South Fork Women
Female Abstract Expressionists at Kasmin
Long before it was colonized by mansions on postage stamps of land, the Hamptons were an artists’ bohemia. While its most famous residents were the Pollock-Krasners (who took up residence in Springs in 1945), the community quickly blossomed with many of the most famous painters of the day, many of whom (at least of the female cohort) are in Kasmin’s Painters of the East End. (It’s worth mentioning, however, that Kasmin blessedly does not make a note of the gender of these painters in the title of the show, nor in the press release.) Many of the big names are here (Lee Krasner, Helen Frankenthaler, Joan Mitchell), as well as some of the ones who have faded from history (like Perle Fine, Mary Abbot, and Charlotte Park), and in light of Mary Gabriel’s book Ninth Street Women, which takes as its subject five of the eras most prominent women painters, it is a pleasure to get to know some of the more minor characters who populate their stories.
What the South Fork of Long Island meant to these painters, however, is varied, and so with it their styles, which range from the brushy rendering of a studio still life by Jane Wilson to the dense and dark blots of an Elaine de Kooning abstraction. Bridging these works is my personal favorite of the bunch, a Jane Freilicher abstracted landscape depicting a water mill. Beautifully hung with a group of completely abstract works, it is a floating nucleus among the other canvases’ momentum (the best example of which is Lee Krasner’s gray and mustard painting from 1979, which whips and crackles with released tension).

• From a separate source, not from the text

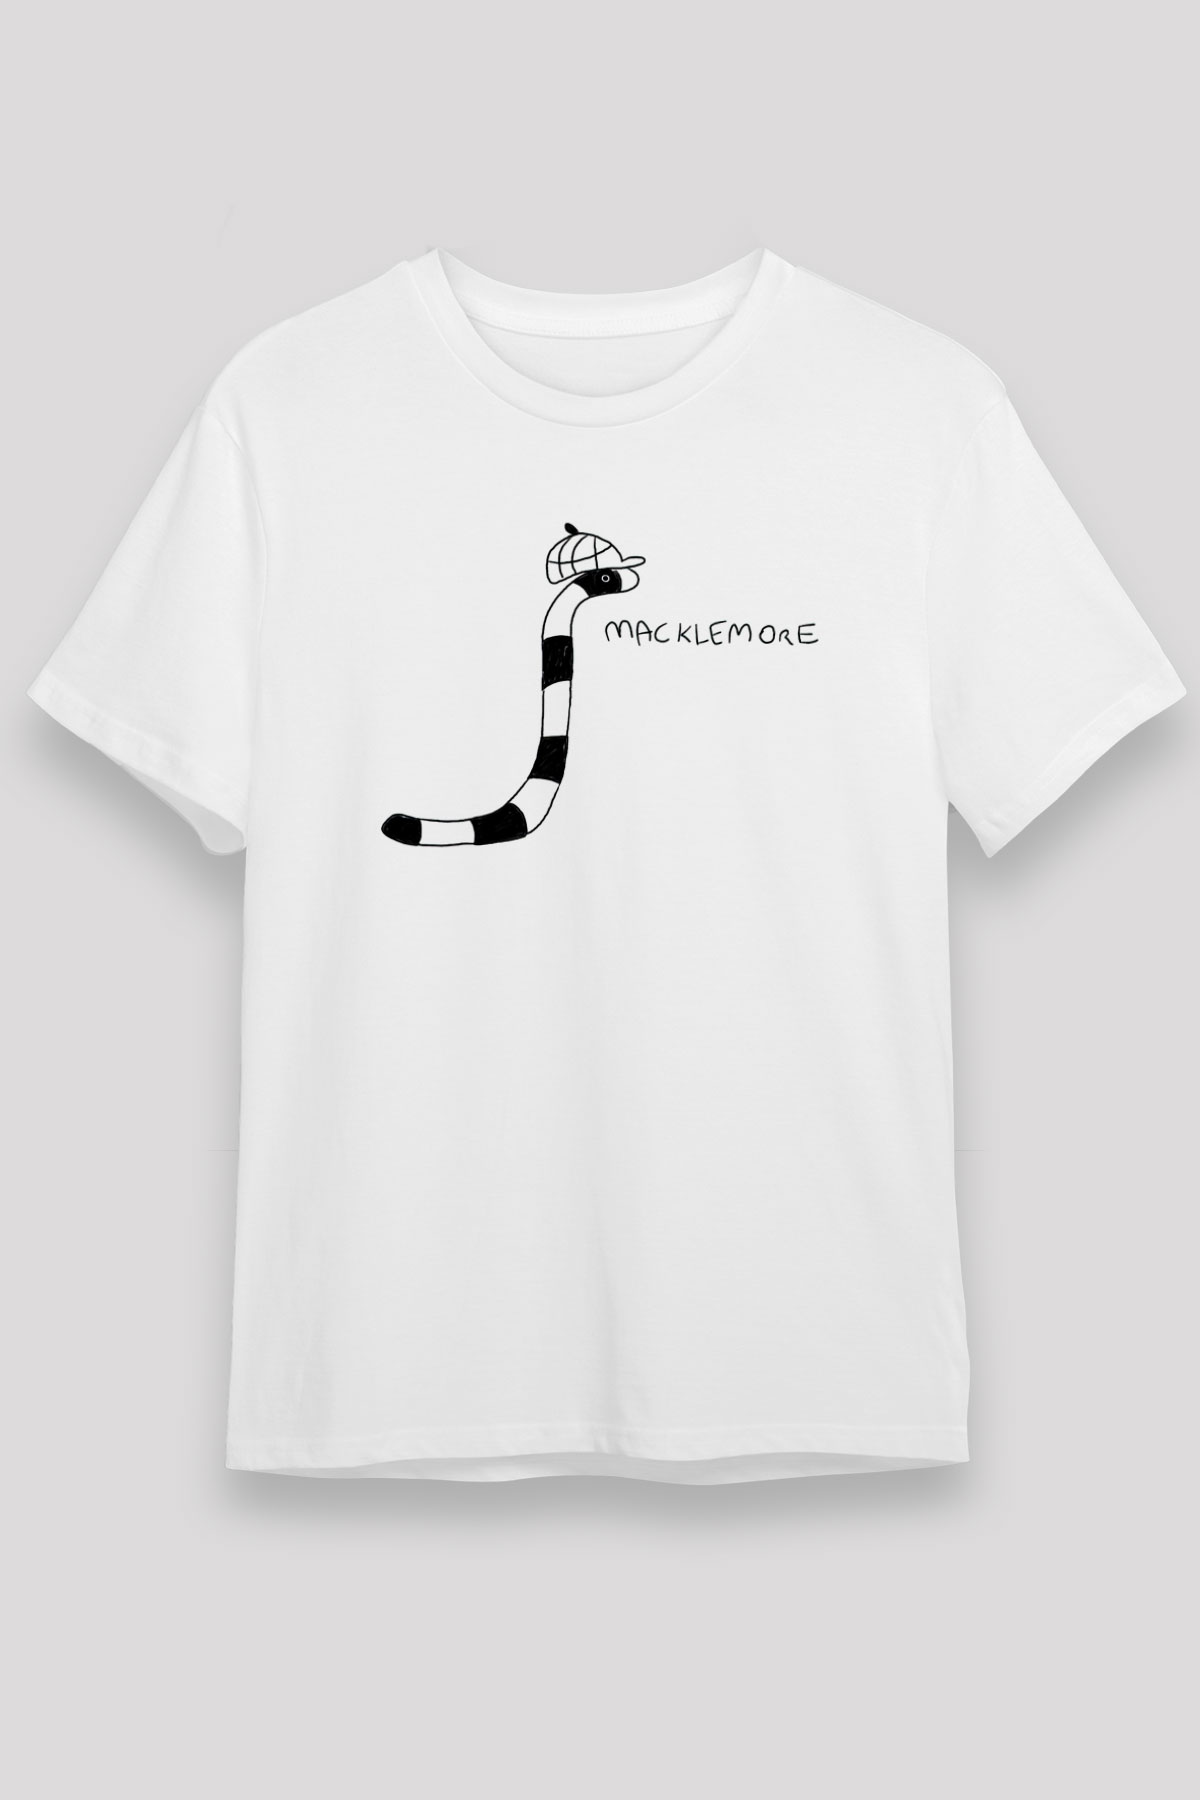 Macklemore T shirt,Hip Hop,Rap Tshirt 01

Not surprisingly, many of these paintings evoke the sea, though more often than not these artists trade depicting the ocean’s expanse for its brackish waters and its vibrant blue for the more realistic green towards which northern seas tend. Both Joan Mitchell and Helen Frankenthaler find themselves knee deep in green, though Mitchell does so more successfully, saved by her keen eye for color and an added patch of coral. The Frankenthaler work (oddly titled White Flight), however, proved disappointing, as it shows little of the artist’s talent for modulating emotion through color. Its swampy green field is confined and offers no place for release––looking at it I felt I was drowning in shallow water.
Lest you think a trip out to the Hamptons in the 1950s meant turning your back to the city and descending into the backwater, sophistication prevails here not only in the large sizes of some of these canvases (no small, provincial plein air paintings in sight), but in their content as well. Nell Blaine’s painting holds a likeness to Cezanne’s figures and (though it was painted) the aforementioned Lee Krasner recalls the artist’s earlier collaged pieces, which evoke a chapter of art history from early 20th century Paris.
But most interesting, perhaps, is the influential gallerist Betty Parson’s work from 1965 in which float irregular geometries on a green-grey field. Set apart from the show’s other paintings at the gallery entrance, it is removed, sophisticated, and a little mysterious––not unlike the bohemia which sprouted in rural Long Island those decades ago.